# Acer smartphone repairs



## will93 (Feb 7, 2011)

hi all,
i broke my phone today, dropped it down the toilet it now wont turn on or hold charge. its an acer liquid s100 and i cant find anywhere that does repairs...
any ideas??


----------



## WereBo (Apr 5, 2008)

Hi will and welcome to TSF :wave:

The 1st thing to do is to remove the battery and SIM-card, along with as many covers etc. as possible.

If possible, get a bottle of 'de-ionised' water from a local car-spares shop (It's pure distilled water, used for topping-up car-batteries'. Pour just enough into a clean bowl to cover your phone, then gently shake the phone in the water for a few minutes.

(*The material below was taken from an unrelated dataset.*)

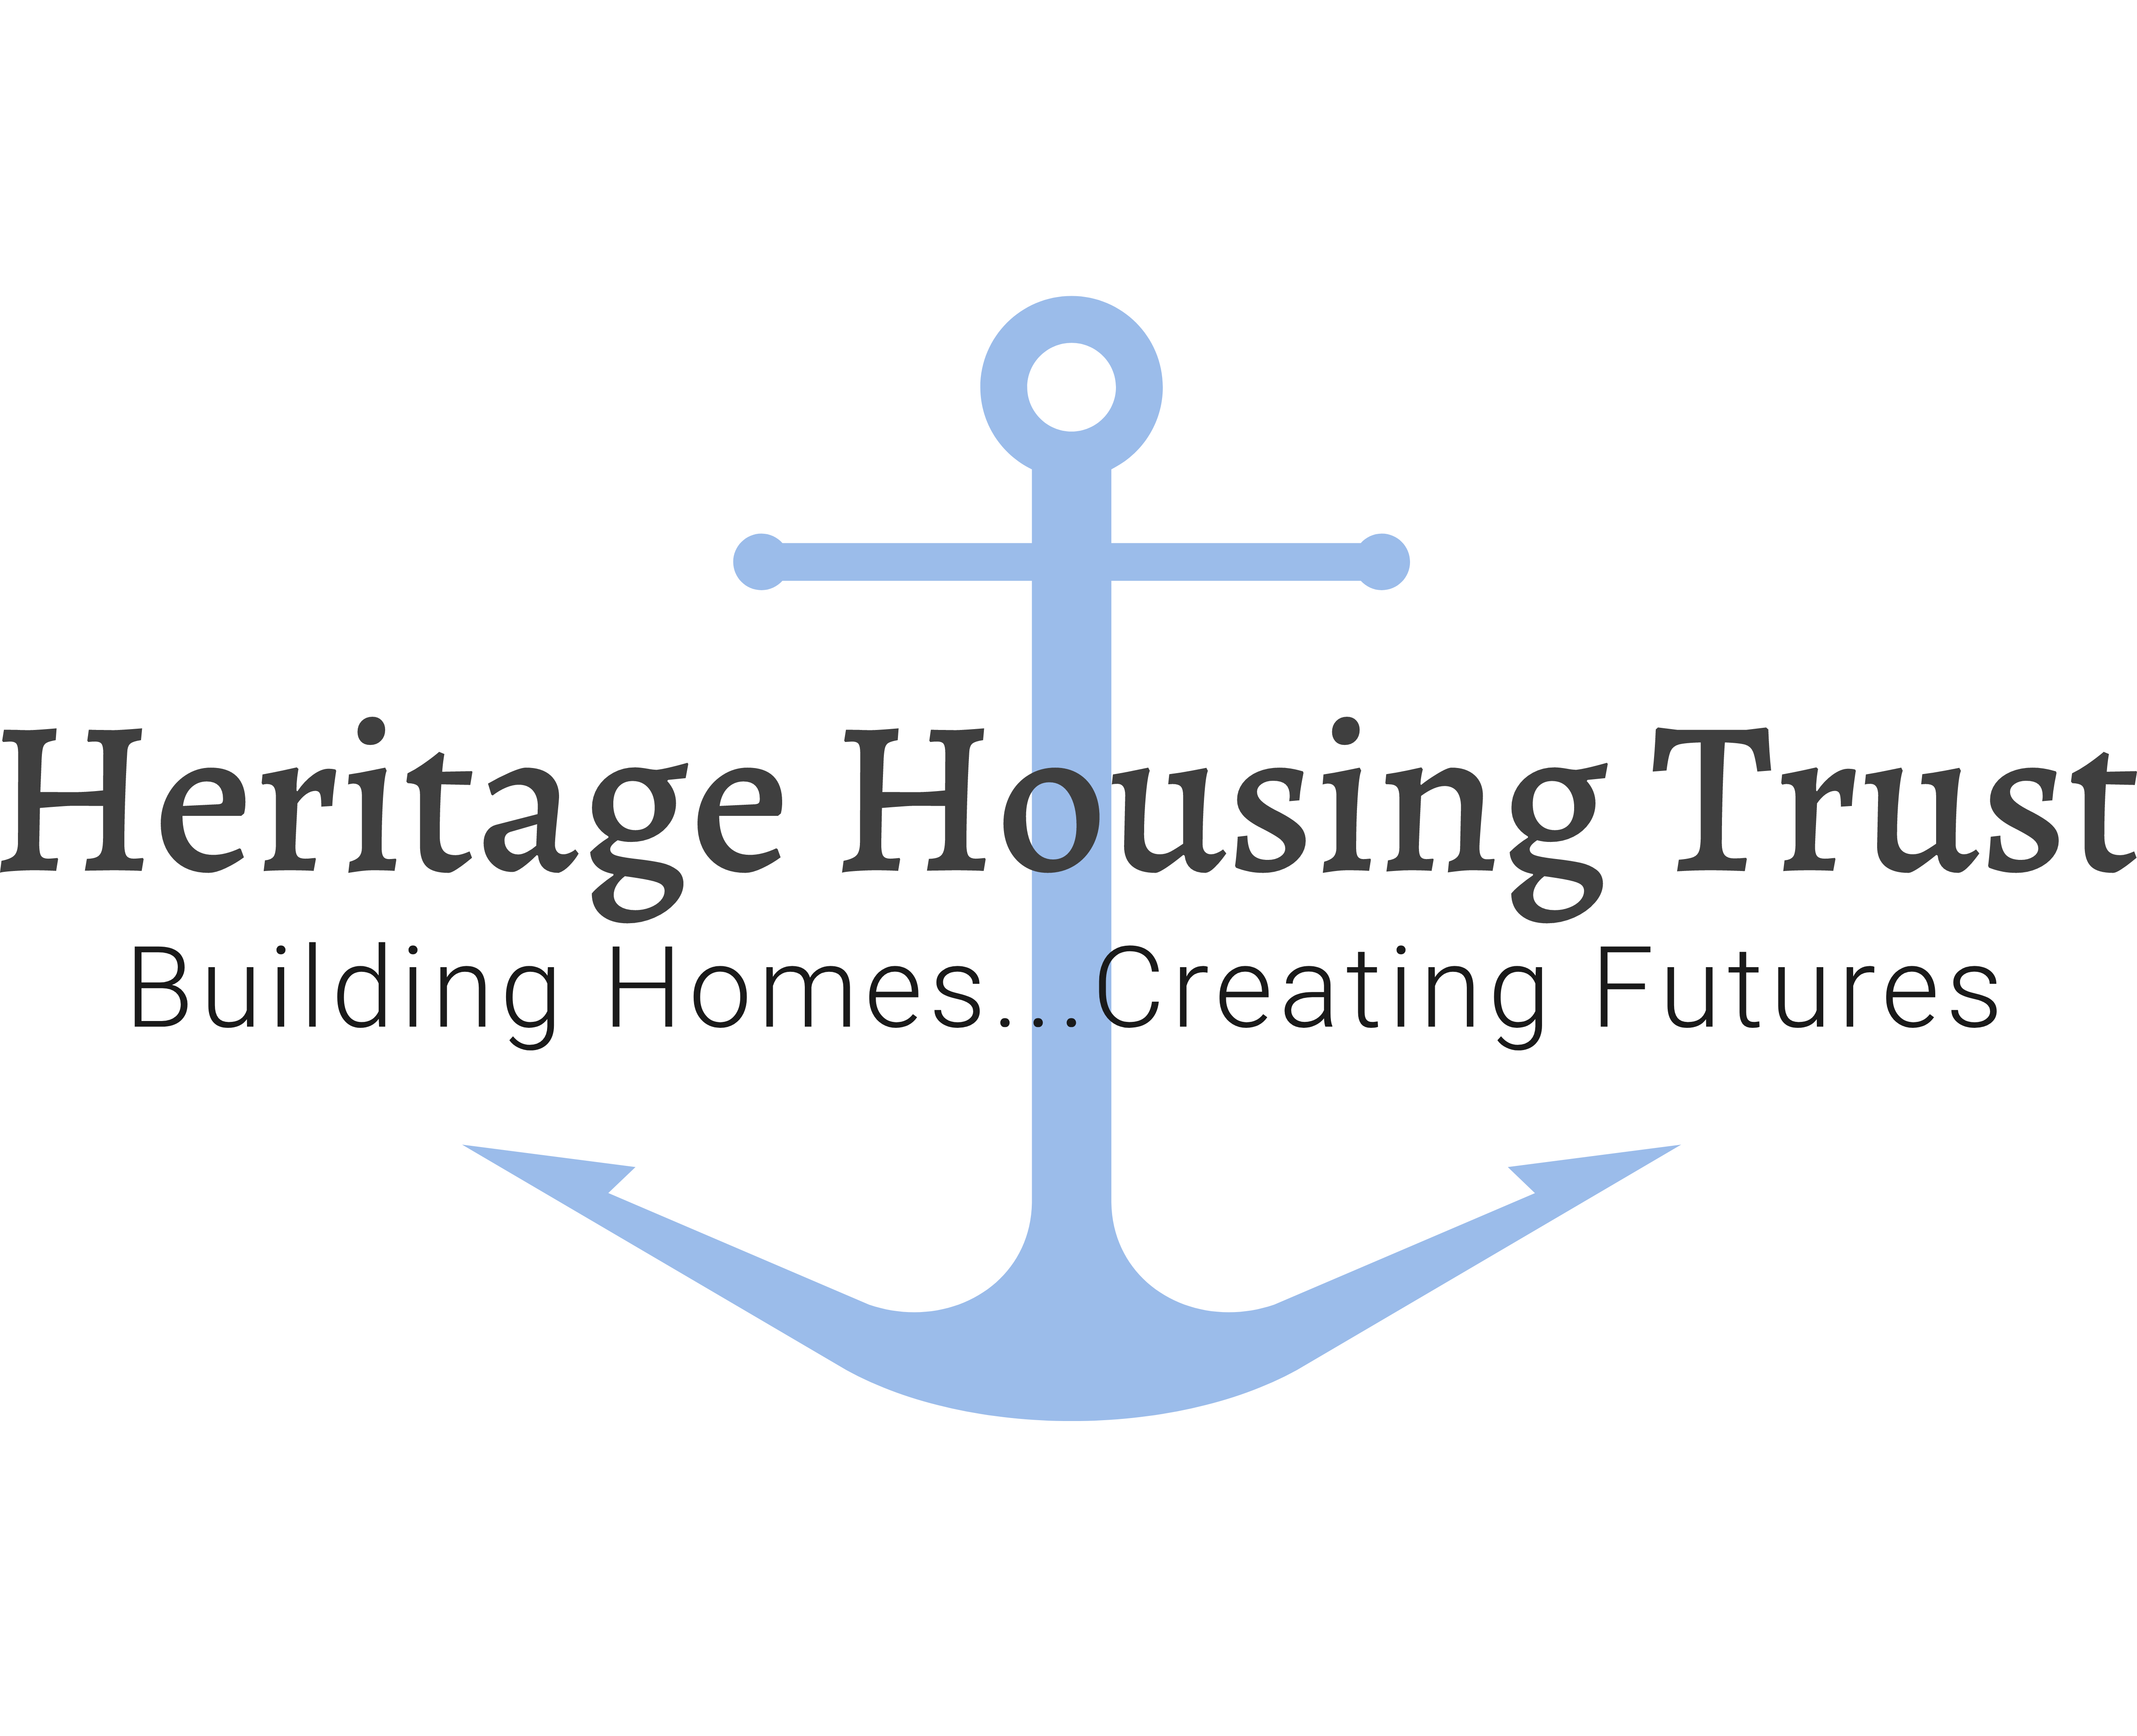 The Heritage Housing Trust logo

I know that seems a bit backwards, but it will help dilute and remove any bleach or toilet-cleaning chemical residues that will damage the phone's internal gubbins, along with any minerals in the mains-water.

After agitating the phone for a few minutes, pat it dry as much as possible using a hand/paper-towel(s), then place the phone in a warm, dry place for 48 hours - An airing-cupboard is ideal, or above but NOT on a radiator. Also, do NOT use a hair-dryer to speed things up.

Whilst the phone is drying out, it might be an idea to say a prayer or 2 - There's no guarantee the phone will work, just a good chance. After a couple of days to dry out, re-assemble the phone and hope.....


----------